Please? I'm kinda lost and have never used one before.

Basically, I bought a used 4.2 Android Tablet for portable writing via GoogleDocs. But while I still need to get the keyboard case for it, I'm having difficulties with the machine itself when trying to erase/change the old user settings. One such thing I'm trying to find is where to change the name that pulls up when the device boots, and the other is how to transmit my current GoogleDocs folders into this system without the documents going everywhere like they did. (IE: None of my folders show up on the tablet. It's just a mish-mash of files.) 

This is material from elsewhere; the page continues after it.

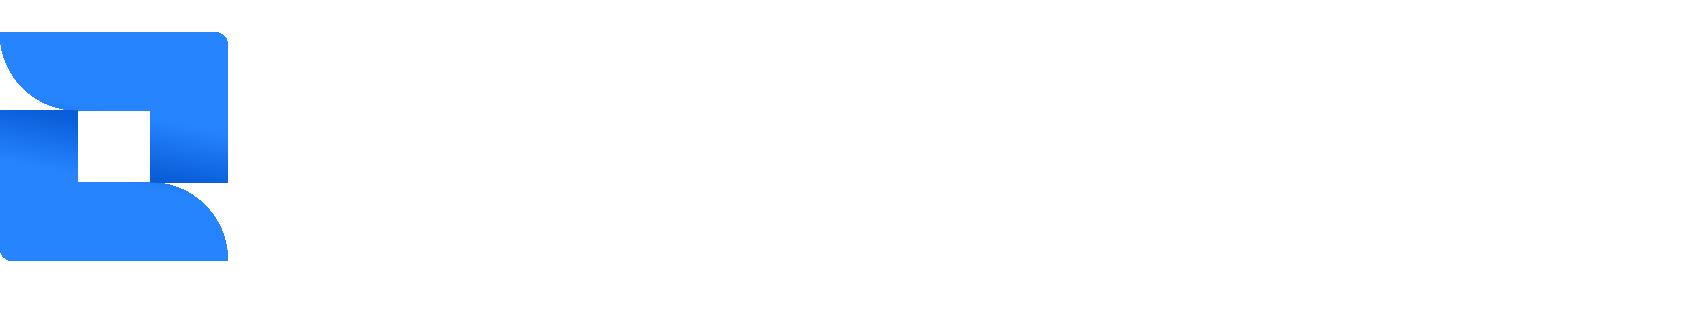 Jira-Align-img

I'm bound to come up with more questions as I play with this more, but these are the most important two for the time being. Thanks for any input.


----------



## Ankari (Sep 1, 2014)

Under settings you'll find the option *Backup and Reset.*  Perform a *Factory Data Reset* and it will wipe the device clean to factory default. No files, no interlinked accounts, no names, nothing. You'll have to go through the initial set up process when the tablet reboots.


----------



## JadedSidhe (Sep 1, 2014)

I can't help so much with the reset, but I have a few words of caution. My glorified E-Reader (aka Nook HD+) crashed and I had no other option than to do a factory reset. I hadn't been uploading my work to dropbox so I lost 25 pages. (The silver lining in that is that I've nearly finished rewriting those lost pages and I wound up with a new scene)

I can't be certain of the cause of the crash, and I could be entirely wrong, but, I think it was that I left the keyboard on and the .doc open and while it bounced around in my bag caused repeated keystrokes and massive input overloaded the thing. 

So, as a warning, don't forget to back up frequently and turn off your keyboard when you're not using it.


----------



## J. S. Elliot (Sep 2, 2014)

Would've replied to this earlier, but my internet hates me and only works when it feels like it lately. Thanks for such prompt responses, guys. I will definitely have to keep that in mind about the keyboard, too. Speaking of which, though, are the "universal" keyboard cases actually universal or are they just specific to one brand and any of those models?


----------



## JadedSidhe (Sep 3, 2014)

Yes, there are universal ones. I have a Belkin keyboard & case for my nook. Look online. I've seen some on Amazon that are a lot cheaper than what you'll find in the big box stores and look a lot nicer too.


----------